You mentioned trust earlier:
> The whole point is that users are supposed to be able to *trust*
> the kernel.
I agree, but I think trust works best if it works both ways. Can we
trust application developers not to depend on an API which hasn't
reached maturity? I think we can if we tell them what we expect - what
constitutes "maturity" - and make it a reasonable expectation. Do we
have to declare "maturity" the moment an API hits mainline (or hits
-next, or hits mailing lists), or can we negotiate a formal grace
period?
Yes, "no regressions" is an import rule that should remain, but there
has always been a loophole. The loophole is "no harm, no foul". If we
can negotiate an understanding that results in "no harm" from early
revisions to an API, then those revisions will not cause actual
regressions. "No foul".
But maybe I'm wrong and all the people talking about automatic tooling
to discover and highlight API changes in linux-next are on the right
track... or would be if everything actually went through linux-next.
Thanks,
NeilBrown
[-- Attachment #2: signature.asc --]
[-- Type: application/pgp-signature, Size: 832 bytes --]

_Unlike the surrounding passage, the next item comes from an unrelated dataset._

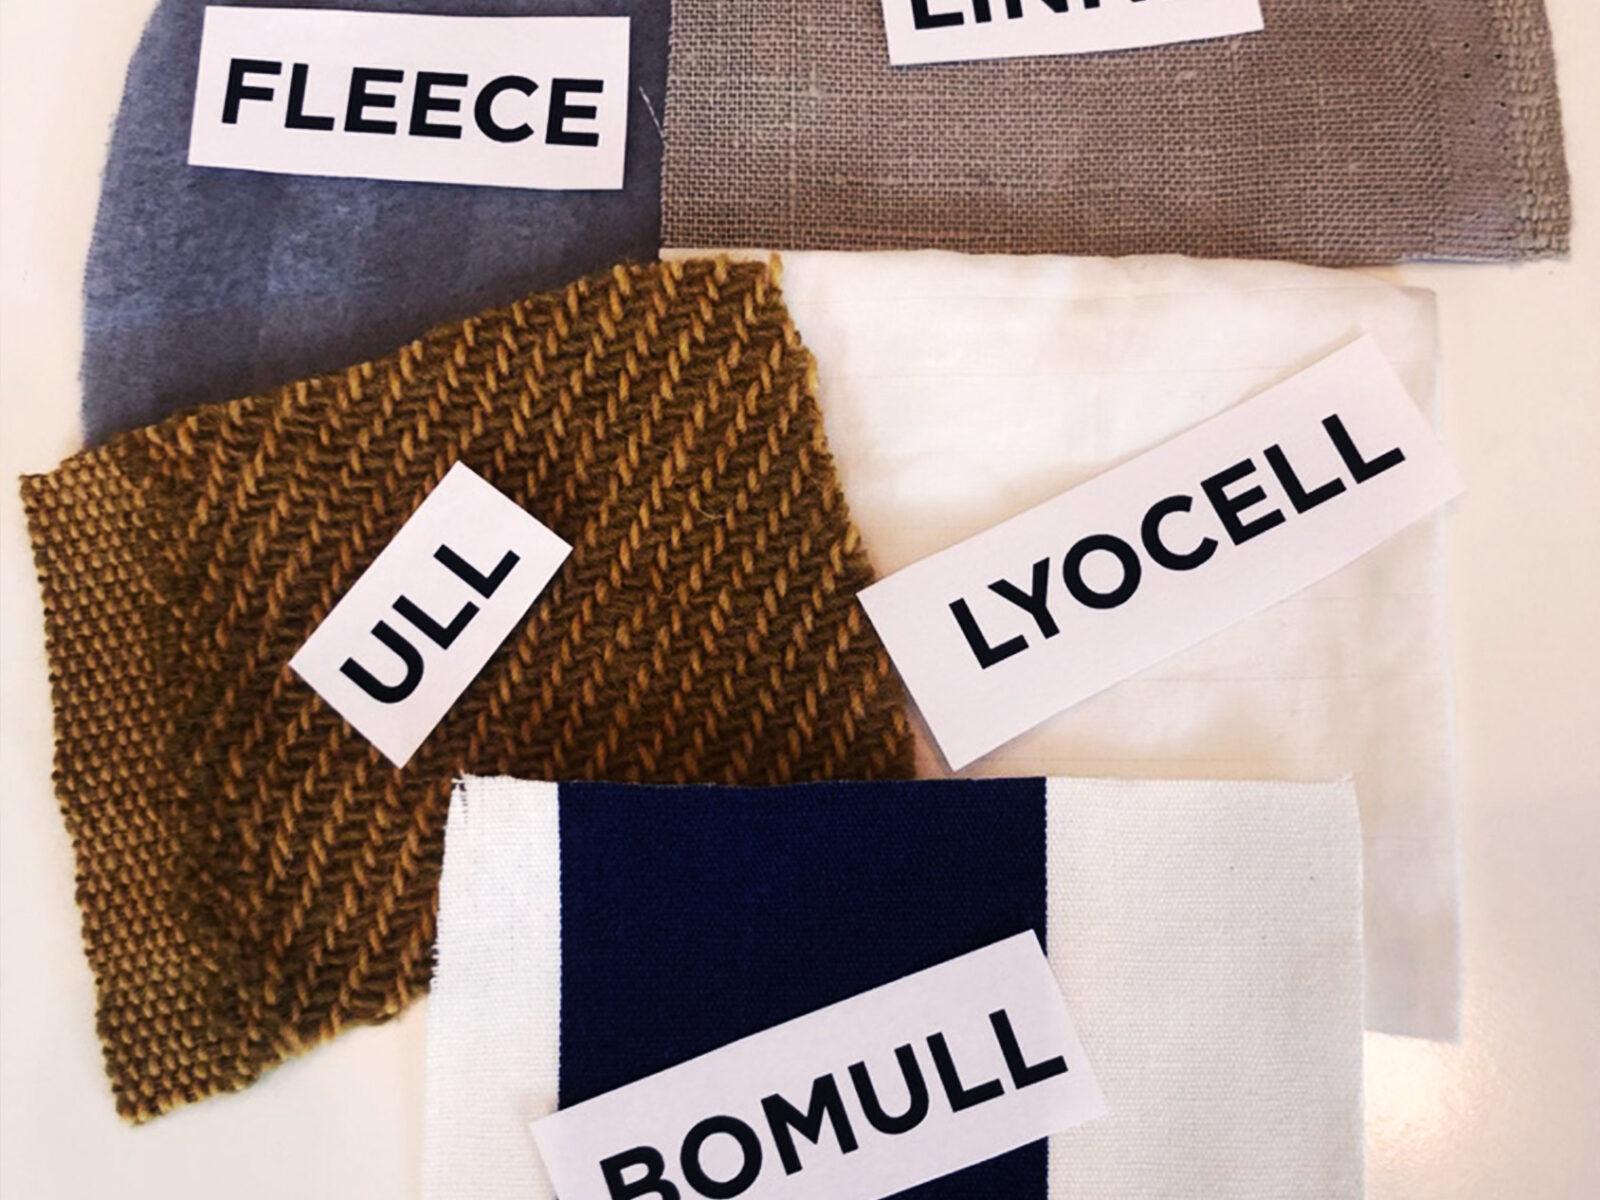 textil, textilkit, skolprogram, högstadiet, ikea, textilövning

next prev parent reply other threads:[~2017-08-14 4:19 UTC|newest]
Thread overview: 37+ messages / expand[flat|nested] mbox.gz Atom feed top
2017-08-04 1:16 Andy Lutomirski
2017-08-04 1:30 ` Greg KH
2017-08-04 4:15 ` Andy Lutomirski
2017-08-04 5:08 ` Sergey Senozhatsky
2017-08-04 8:23 ` Daniel Vetter
2017-08-04 2:26 ` Theodore Ts'o
2017-08-04 3:27 ` Stephen Rothwell
2017-08-04 5:13 ` Julia Lawall
2017-08-04 14:20 ` Theodore Ts'o
2017-08-04 15:47 ` Julia Lawall
2017-08-04 8:42 ` Jiri Kosina
2017-08-04 8:53 ` Hannes Reinecke
2017-08-04 16:04 ` Greg KH
2017-08-04 17:14 ` Theodore Ts'o
2017-08-04 17:53 ` Greg KH
2017-08-04 22:52 ` Joe Perches
2017-08-09 20:06 ` Geert Uytterhoeven
2017-08-14 19:49 ` Steven Rostedt
2017-08-14 19:51 ` Linus Torvalds
2017-08-15 7:13 ` Julia Lawall
2017-08-04 8:57 ` Julia Lawall
2017-08-04 11:27 ` Michael Kerrisk (man-pages)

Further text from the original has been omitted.